Si creen que ha llovido mucho últimamente en la capital, esperen a conocer esta historia: la Ciudad de México estuvo inundada durante cinco años (sí, ¡CINCO!) gracias a una tormenta que duró 36 horas sin cesar.

Todos se remota al 20 de septiembre de 1629 en la entonces llamada Gran Tenochtitlán, era un día soleado como cualquier otro en el Valle de México, cuando de pronto las nubes se tornaron negras, durante toda la noche se escucharon rayos y truenos, daban aviso a una gran tormenta. 

Durante 36 horas continuas la lluvia cayó sobre la capital de la Nueva España, e inundó irremediablemente a toda la ciudad, de los 20 mil habitantes que la ocupaban, sólo quedaron 400.

El julio anterior a la tromba, comenzó la temporada de lluvias con una intensidad inusual. Los niveles del lago de Texcoco y la laguna de México crecieron y con ello se acercaba un panorama desolador: en las afueras de la ciudad, el agua avanzaba lentamente sobre las calles, cada vez más hacia lo que ahora es el Centro Histórico.

Llegó septiembre con él, el momento más crítico de la temporada de lluvias, la capital quedó completamente inundada.

El nivel del agua era tal, que quienes lograron sobrevivir se transportaron en canoas, además construyeron puentes que utilizaban para cruzar de balcón a balcón. No había otra forma de ingresar a las casas que desde las ventanas del segundo piso.

Sólo quedó seca una pequeña parte de Tlatelolco y otra de la Plaza Mayor. "La isla de los perros" era el espacio que se formó entre el Palacio Virreinal y La Catedral, ahí cientos de perros se refugiaron de la tormenta que duró 36 horas.

Pero esta tragedia no fue solamente una consecuencia de la naturaleza, desde que Hernán Cortés y su pueblo llegaron a la Gran Tenochtitlán, instauraron un modelo europeo para construir sobre ella palacios, templos, conventos y hospitales.

El modelo de ciudad europea incluía una gran deforestación del Valle de México. Talar tantos árboles, obviamente causó un desequilibrio ambiental causando constantes inundaciones que deterioraron la Gran Tenochtitlán durante años.

Además, la ignorancia y la falta de planificación de las entonces autoridades de la ciudad provocaron que la tormenta tuviera consecuencias graves.

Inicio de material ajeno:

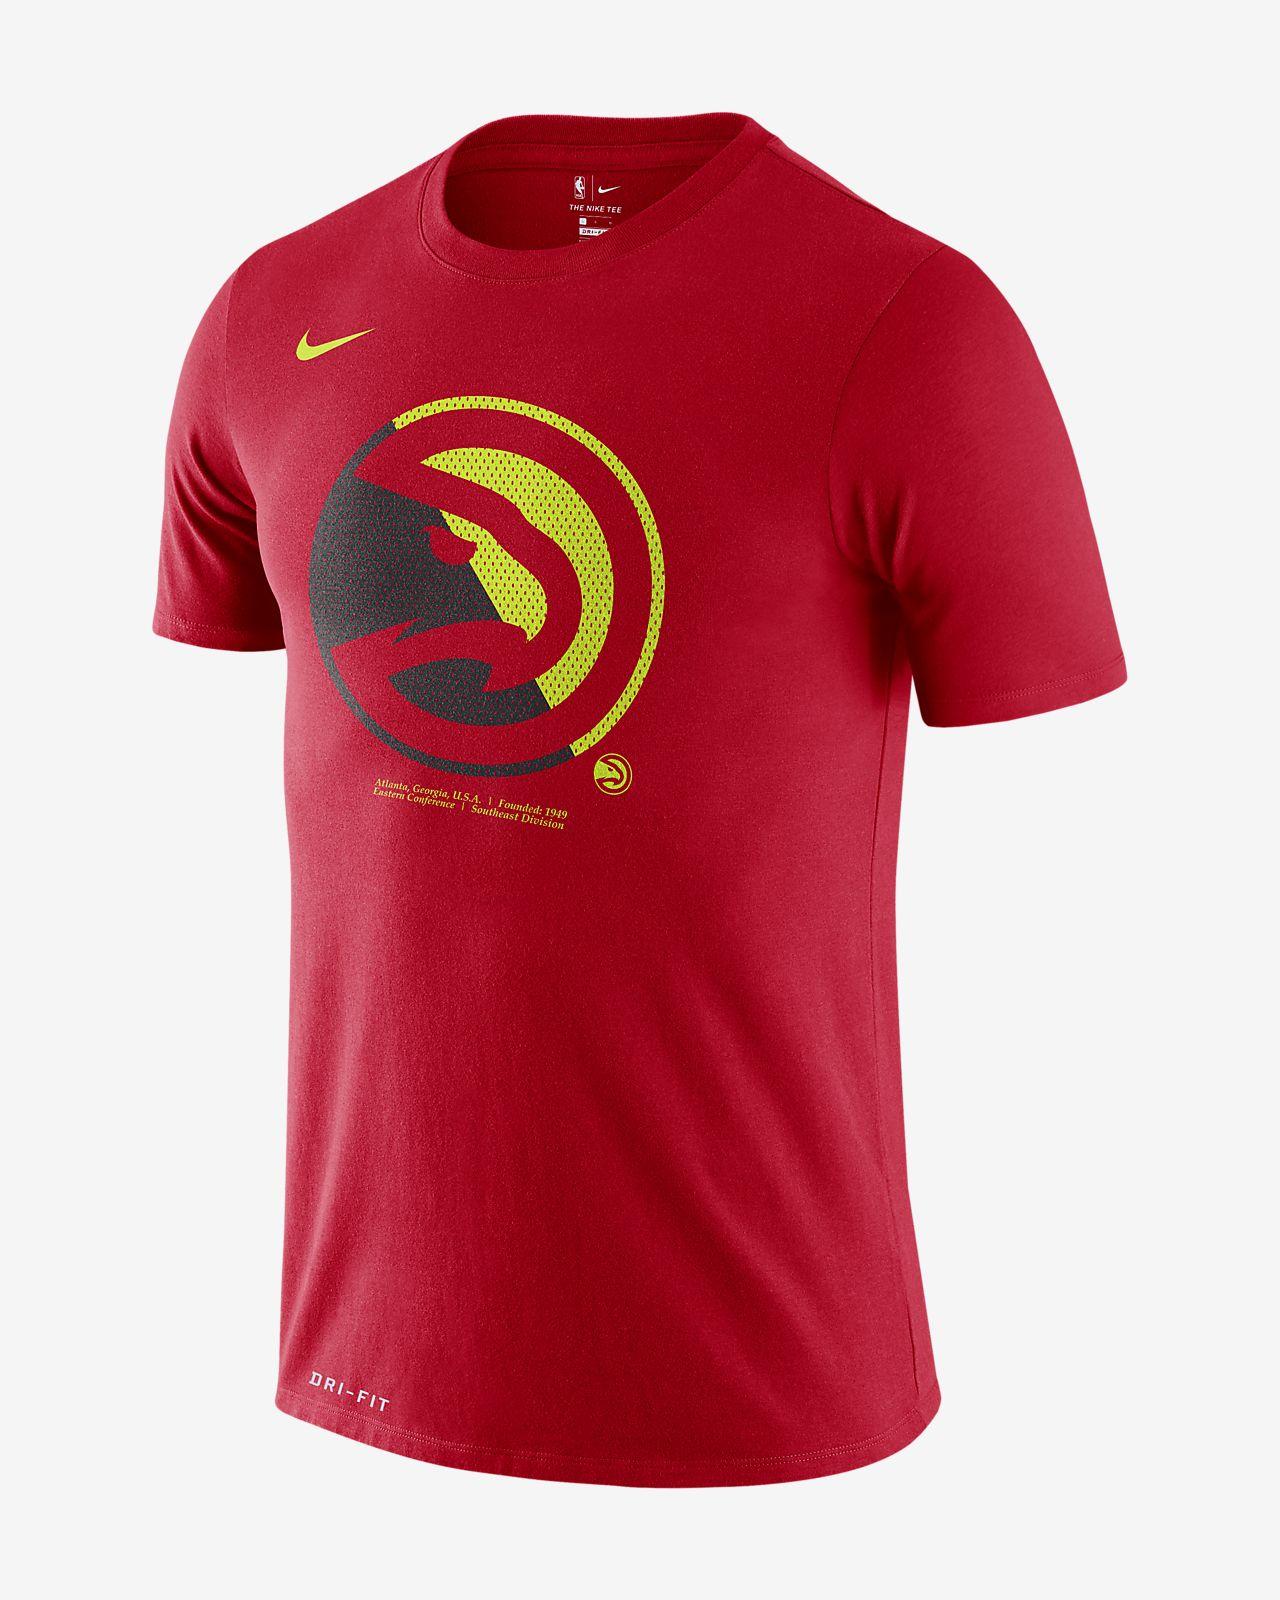 Atlanta Hawks Nike Dri-FIT Men's NBA T-Shirt

El ingeniero Enrico Martínez, líder de la construcción de desagüe en la capital, tomó la decisión de cerrar la entrada del canal de Huehuetoca para evitar que con las constantes lluvias subiera el agua y eso destruyera las reparaciones que, por orden del virrey, se estaban realizando.

Gravísimo error, el 21 de septiembre, día de San Mateo, la tormenta causó que las aguas provenientes de los montes bajaran a mucha velocidad, sin que ningún canal las detuviera. En los barrios, las frágiles casas de los mexicas se deshicieron. Según el arzobispo Francisco de Manso y Zúñiga, durante la crecida murieron treinta mil de ellos.

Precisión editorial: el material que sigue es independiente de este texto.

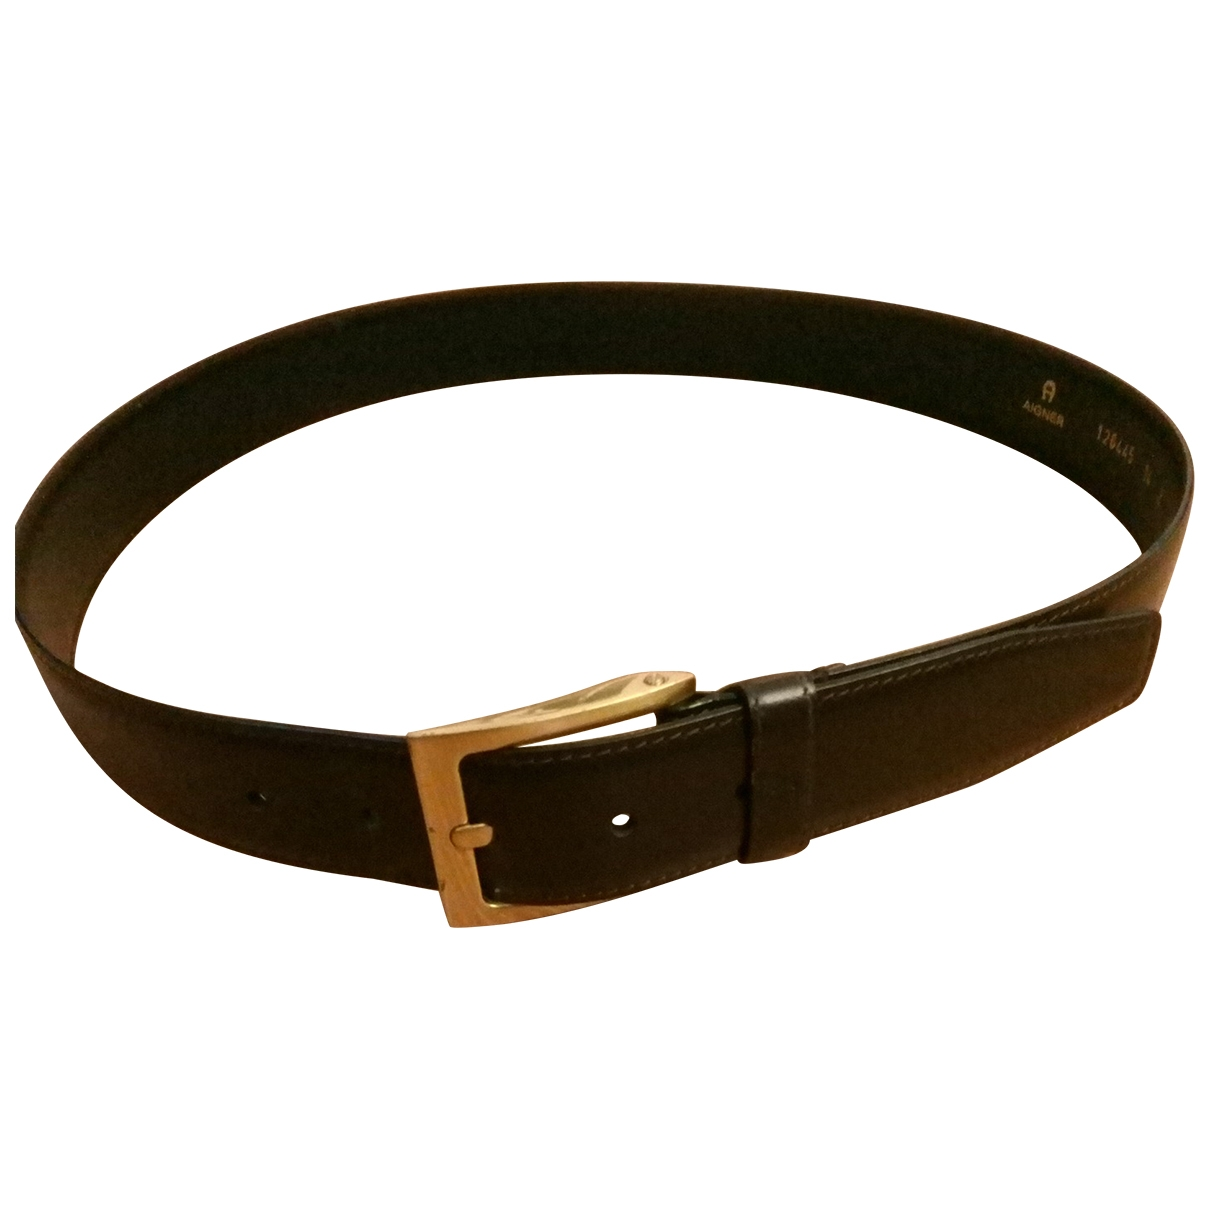 Aigner \N Brown Leather belt for Men 95 cm

El panorama era realmente devastador, el agua llegaba hasta los balcones de los pisos más altos de las casas, había miles de cadáveres de personas y animales flotando junto a escombros, restos de casas, árboles y carruajes.

Para algunos, esta tormenta fue un castigo de los dioses por los excesos de los españoles. Para otros, Tláloc, el dios de la lluvia, lloraba sobre México por la derrota en 1521.

Incluso el entonces rey Felipe IV ordenó abandonar la ciudad y fundarla nuevamente esta vez en entre Tacuba y Tacubaya. Sin embargo los sobrevivientes a la tromba se rehusaron a trasladarse. Argumentaron que salía más caro crear otra ciudad que esperar a que la ya arruinada se secara.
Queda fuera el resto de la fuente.